The __correlation circle__ shows the correlation between the quantitative variables *(here gene levels)* and the PCA eigen vectors. Each transcipt is represented with an arrow. The end of the arrow indicates the correlation coefficient between the transcript and the two displayed components.

In [None]:
## Code cell 60 ##

# Correlation circle
# with the argument "contrib 10" you display the top 10 genes with the best correlations with axes 1 and 2

#pdf(file = "PCA_diab_contrib30.pdf")
FactoMineR::plot.PCA(PCAres, choix = "var", cex = 1, select = "contrib 10", unselect = 1)
#dev.off()

Same plot, using `factoextra`:

In [None]:
## Code cell 61 ##

factoextra::fviz_pca_var(PCAres, select.var = list(contrib = 10))

One can decide to put a threshold on the level of correlation.

In [None]:
## Code cell 62 ##

factoextra::fviz_pca_var(PCAres, select.var = list(cos2 = 0.8))

- **Biplots of observations and variables**

A biplot allows to display simultaneoulsy the scatter plot (PCA plot) of observations (with the best labelling) and the variables mostly contributing to the displayed axes.   

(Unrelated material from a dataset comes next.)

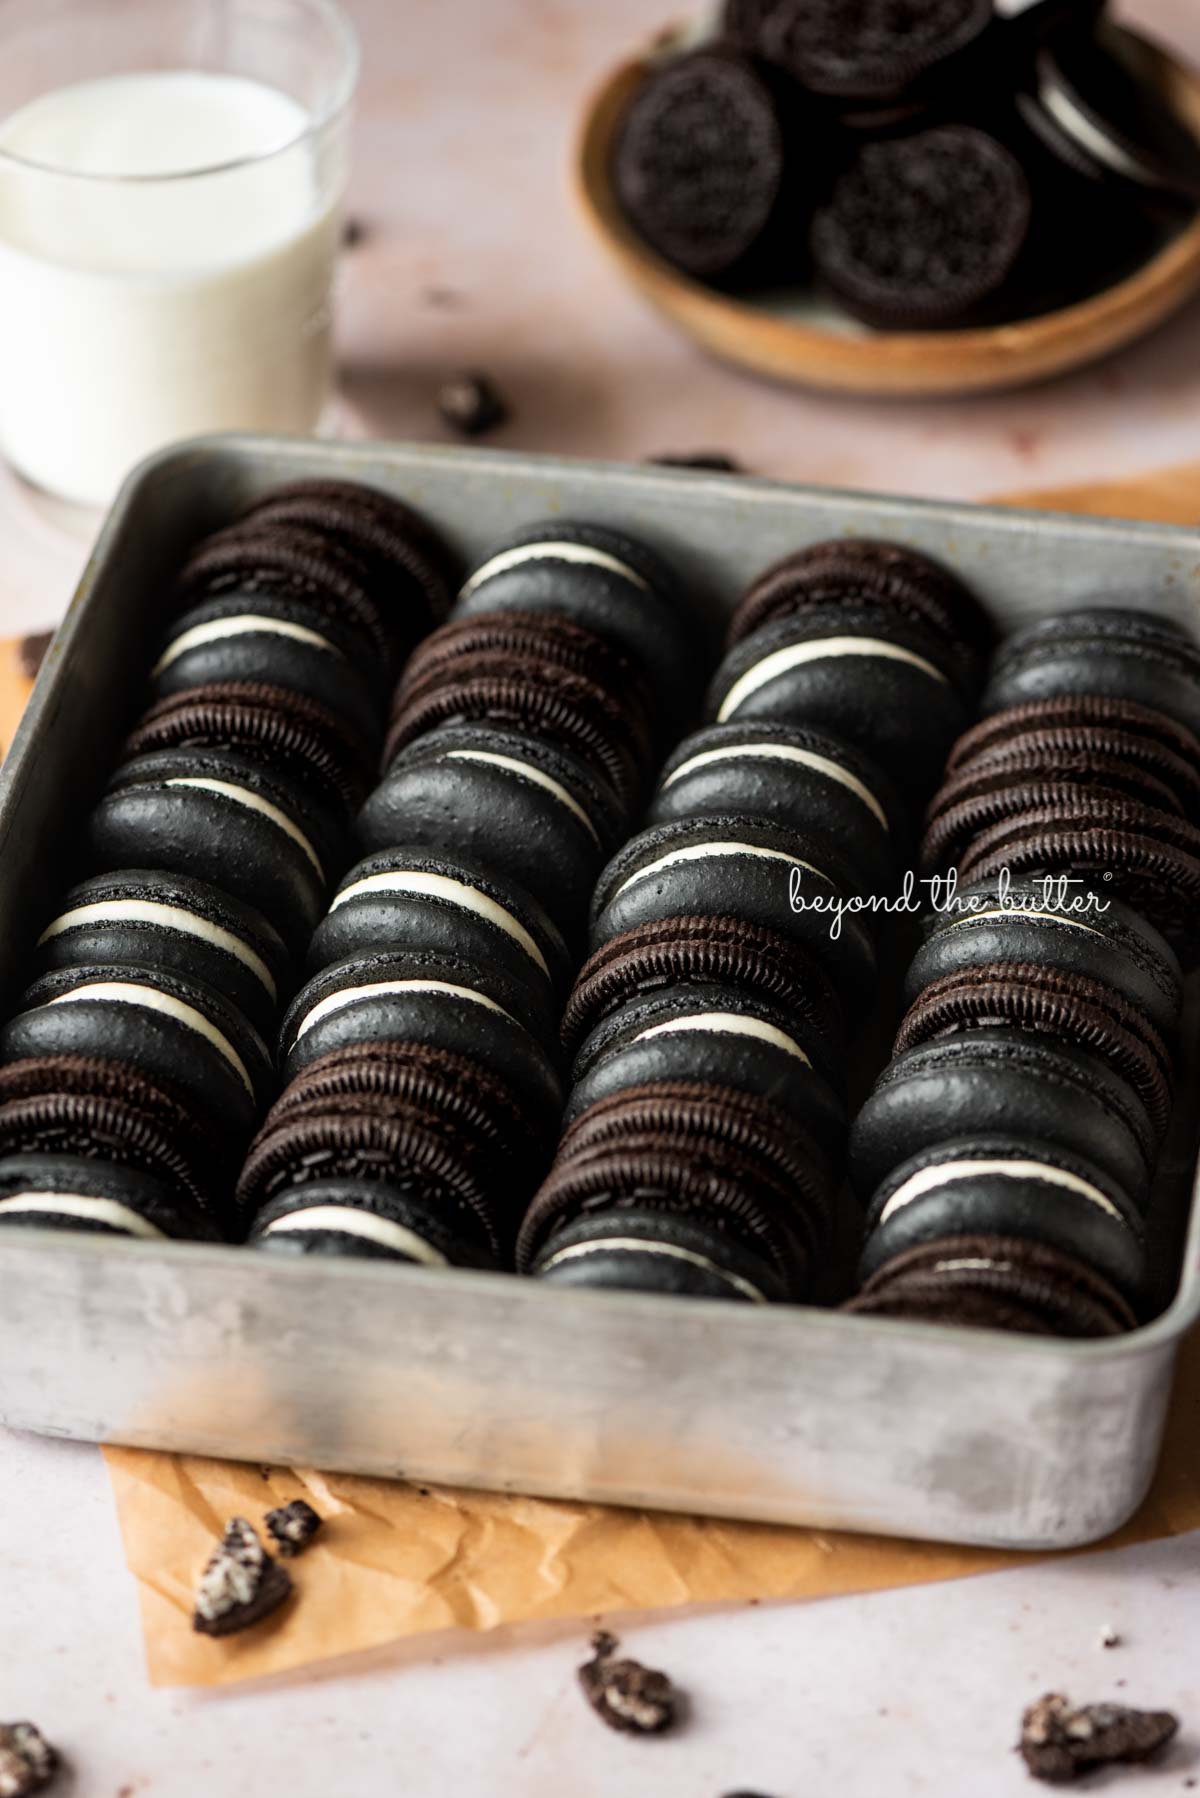 Oreo macarons and oreo cookies in a vintage baking tin on parchment paper with a glass of milk and bowl of oreo cookies in the background | © Beyond the Butter®

<div class="alert alert-block alert-warning"><b>Warning:</b><br> Do not try to display too many variables, otherwise the plot would not be meaningful.</div>

Here we choose to display the top 10 variables and observations colred according to the condition on the first and second PCA axes : 

In [None]:
## Code cell 63 ##

factoextra::fviz_pca_biplot(PCAres, select.var = list(contrib = 10),
                            col.var = "black",
                            habillage = as.factor(PCAres$call$quali.sup$quali.sup$Condition))

- **Correlation of a specific variable with specific axes:**

Finally, we can compute the correlation of one transcript level with positions on a given axis.

In [None]:
## Code cell 64 ##

# Lignes de codes pour calculer les coefficients de corrélation entre le niveau des transcrits et la position des échantillons sur les axes
cor.test(for_factominer$Xist, PCAres$ind$coord[,1])
cor.test(for_factominer$Xist, PCAres$ind$coord[,2])

---  
---

## 3 - Clustering and Heatmaps 
---

### 3.1 - Hierarchical clustering   
---

As we did before normalisation, we will look at the grouping of our samples using a Hierarchical Clustering.    
This  representation is used to cluster the samples based on dissimilarity indexes *(see lecture 12, here we will use the Ward distance)*. More information can be found with `?hclust` (or in the Contextual Help panel on the right, that can be opened via the Help menu).

Hierarchical clustering is performed in two steps: calculate the distance matrix and apply clustering. 

In [None]:
## Code cell 65 ##

clusters <- hclust(dist(as.matrix(t(top50var[ ,- c(1:2)]))), method = "ward.D" )
plot(clusters)

rm(clusters)    

We can see that replicates from the same mouse cluster together, as expected. What is less expected is the grouping together of leukemic cells with WT ones! You could test other methods and see that this clustering is robust.

### 3.2 - Simple heatmaps   
---

Another way of looking at  expression data is a heatmap, that shows the level of expression of genes as colors, usually organised with samples in columns, and genes as rows.   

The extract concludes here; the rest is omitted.